If you rent or buy this movie expecting to see a tall, big, green ugly monster with bolts on the side of his head that staggers around, then you might be disappointed. This is the real version of Frankenstien, which is based on the novel by Mary Shelley. I realize how hard it is to make a movie completely accurate to a book, but this film covers the crucial moments of the story while still keeping a good horror movie flavor intact.

What made this movie were the scenes with Frankenstein's monster lurking in the shadows of society, waiting for the right time to try to take a chance on being accepted despite who or what he is. We get to see the progression of an ugly and relatively innocent "creation" to the "fiend" he becomes when people show hatred towards him. The monster's rejection from civilization is one of the main premises of the story, making him the "monster" that he is, and this element of the tale is often left unexplained in other versions of Frankenstein (including the very popular 30s version).

I also thought the background of this movie and scenery where accurate for this film's story.The crew aboard the cold icy seas looking for a chance at a better existence. The confronation between Frankenstein and his creation in an cold, icy setting. Frankenstein's monster lurking in a forest, watching a typicial family in an attempt to comprehend how people and society operate. These settings highlight the dreariness and isolation that both Frankenstein and his creation feel.

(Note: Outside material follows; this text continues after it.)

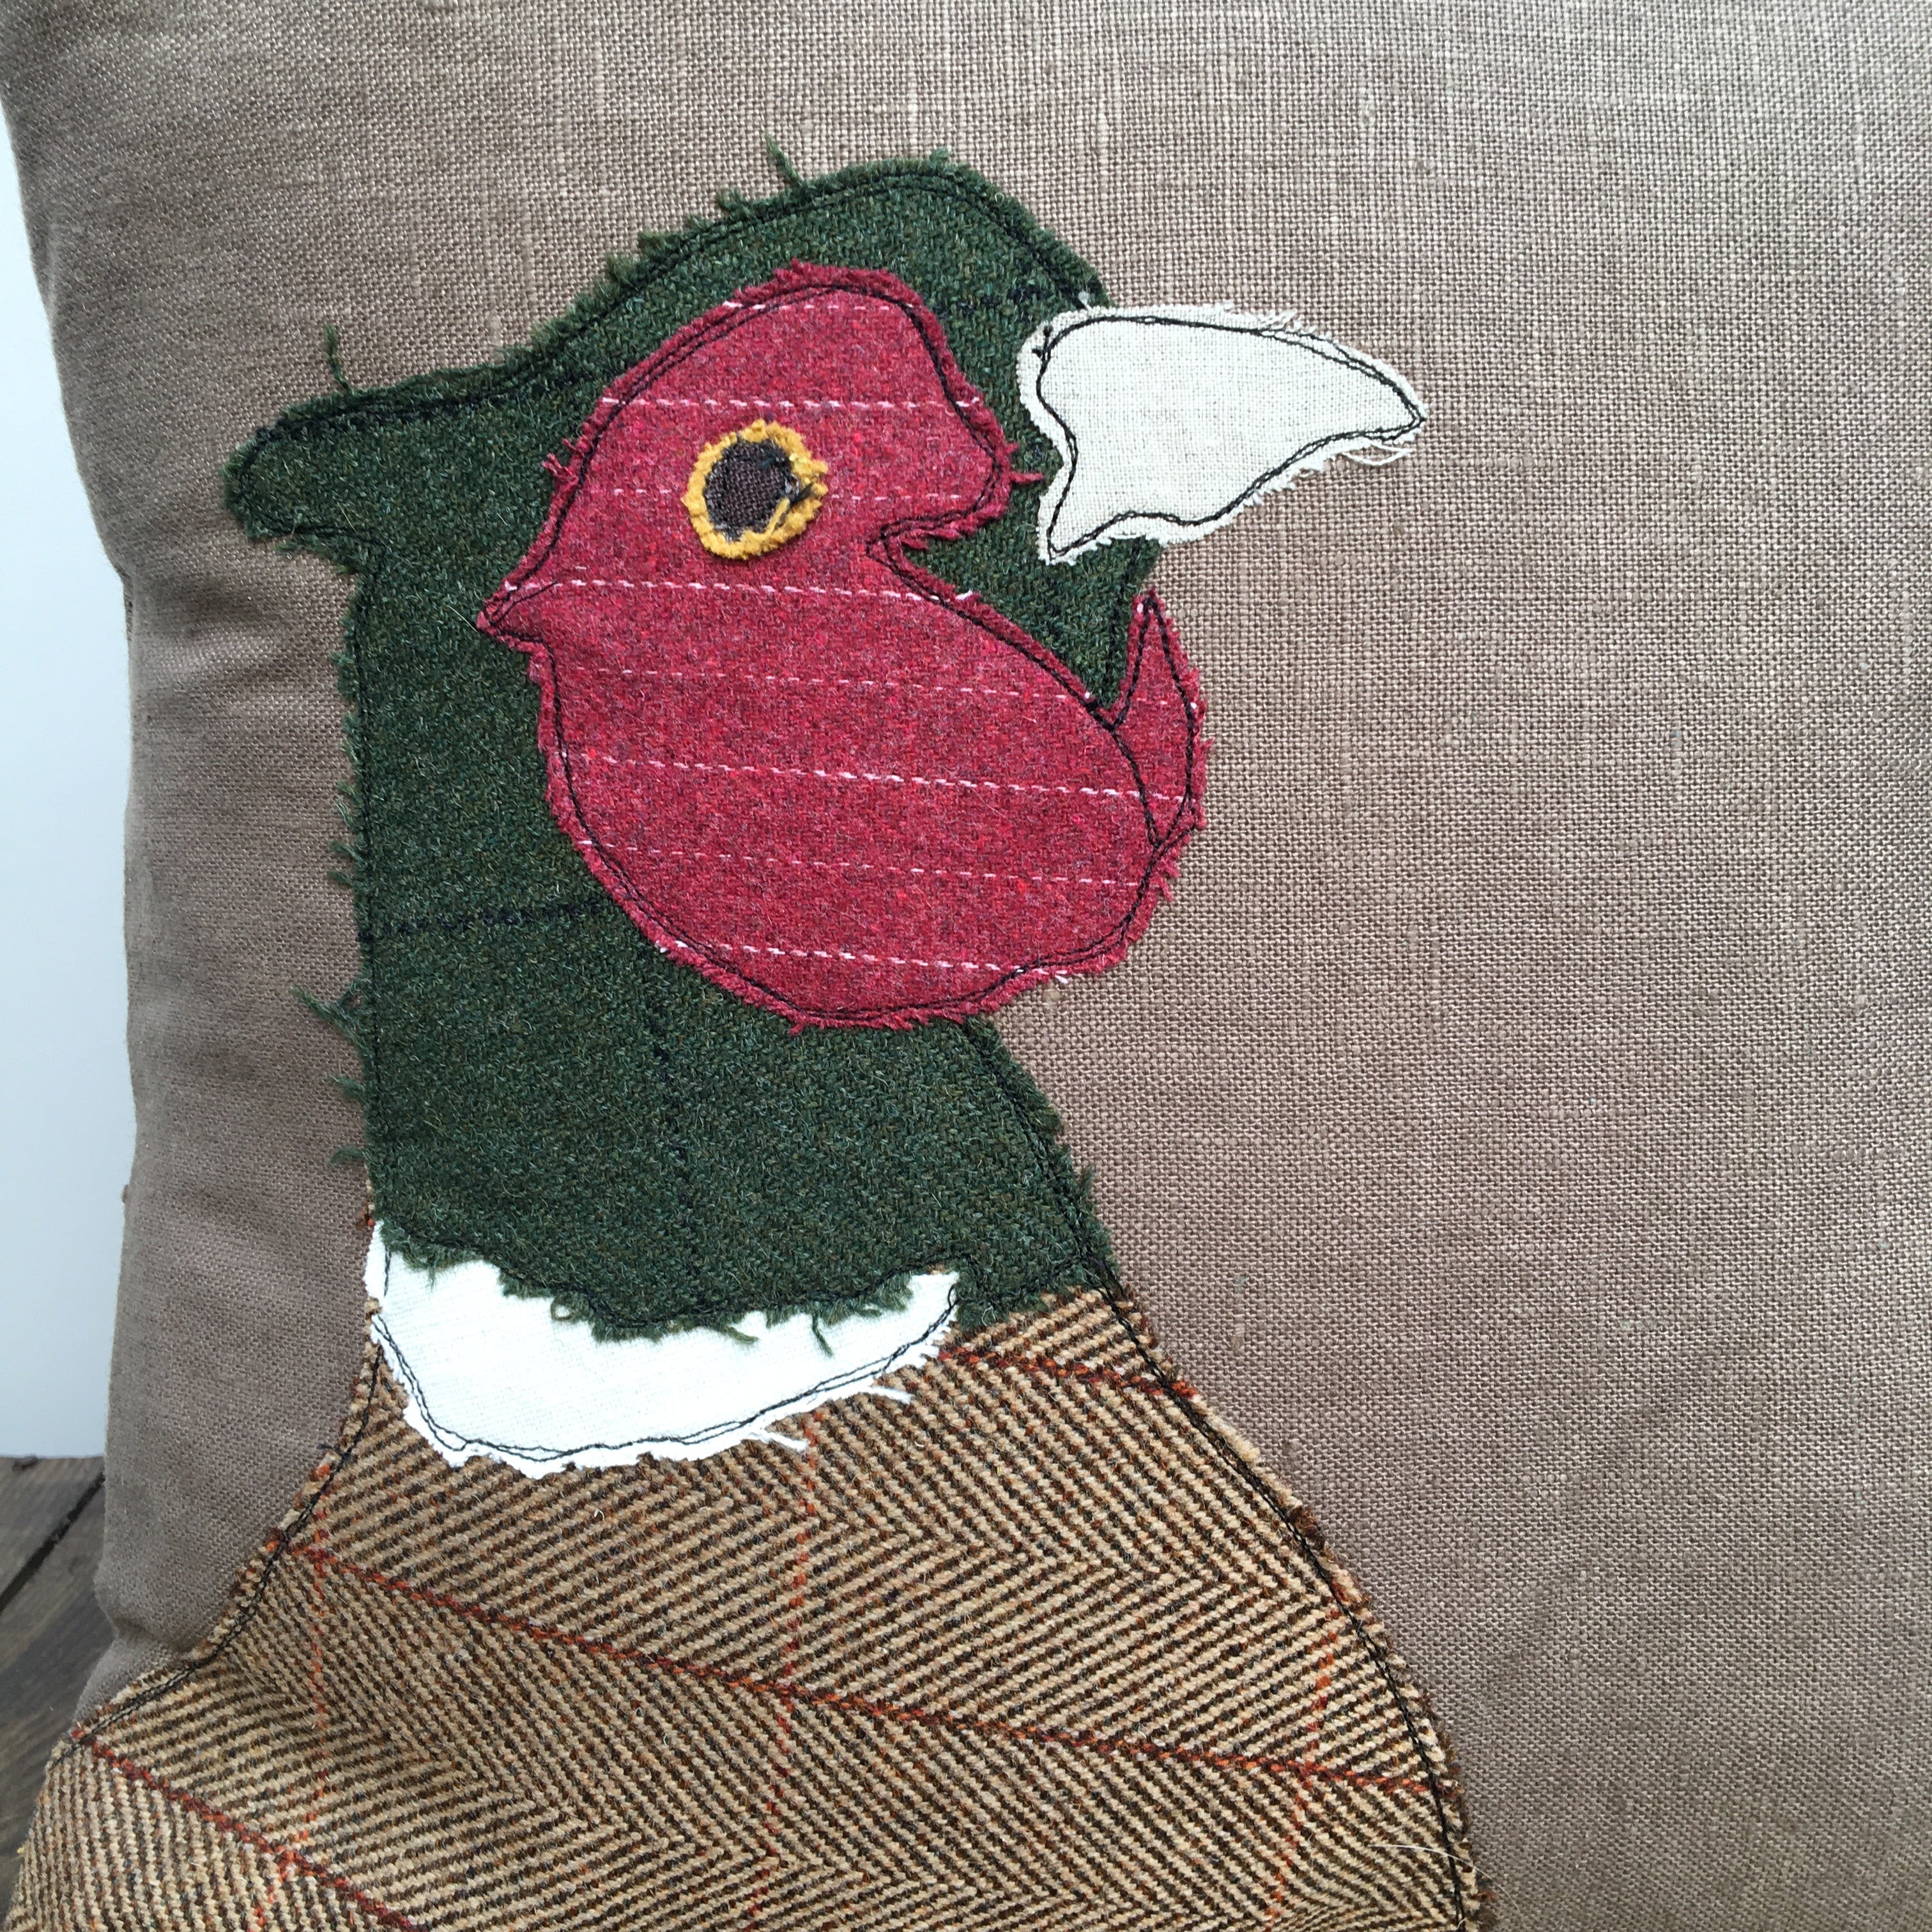 GREGORY Pheasant Cushion Cover

In my opinion, this is one of the best horror movies out there. This movie deals with the wrongs that are created when one tries to "correct" a problem with technology. Kenneth Branaugh and Robert De Niro do excellent jobs in this depiction of the Frankenstein story. An overall very good horror movie that I recommend for anyone.


5 out of 5 stars Outstanding Version Of The Immortal Tale   June 18, 2006
 11 out of 11 found this review helpful

Both one of the most horror-oriented and one of the most thought-provoking versions of the often-filmed tale, "Mary Shelley's Frankenstein" brings together a great cast - spearheaded by Robert DeNiro as the Monster and Kenneth Brannagh as Victor Von Frankenstein - for a big, epic production. It features stunning visual imagery and grand atmosphere, and some truly haunting quotes from the Monster. The Monster is perhaps the best developed here of all his screen appearances, a brilliant and sensitive soul being consumed by the rage and darkness inside his artificial being. Rarely has the picture of a monster's brutality being shaped by the world it's found itself thrust into been handled so brilliantly, and the overall attributes of the creature this brutality grows in - superhuman strength, a slowly emerging genius intellect, powerful emotions the creature has never had the chance to learn to control (having been 'born' fully grown), unnatural resistance to injury and heightened endurance, etc. - makes for a frightening force. Victor Von Frankenstein's portrayal is not one of a man who conciously chose to ignore the moral considerations and responsibilities of what he's doing, but a man upon whom such concerns simply never dawned for a second, until he's face to face with the consequences of his actions and it's too late for second thoughts. This has been said of the Frankenstein tale time and time again, but it continues to hold up: this story gets more eerily relevant to the modern world with each passing year.

It's among the career highlights for everyone involved, and with not only heavyweights DeNiro and Brannagh onboard but also such excellent talent as Helena Bonham Carter, John Cleese (in a rare non-comedic role), Francis Ford Coppola and Frank Darabont (director of "The Green Mile" and "Buried Alive", among others), that's saying a lot. Excellnt movie; one of 1994's best



5 out of 5 stars Faithful and frightening   October 12, 2004
 10 out of 11 found this review helpful

Frankenstein is one of my all time favorite novels. Everytime I see it in the bookstore, I feel compelled to buy it again. I currently own more than half a dozen copies. This film version is very faithful to the original story. That is what makes this version so good. The tale itself is masterfully told, being equally disturbing, terrifying, and heartbreaking. This adaptation is passionately told, and worthy of having the name of the great Mary Shelley in the title.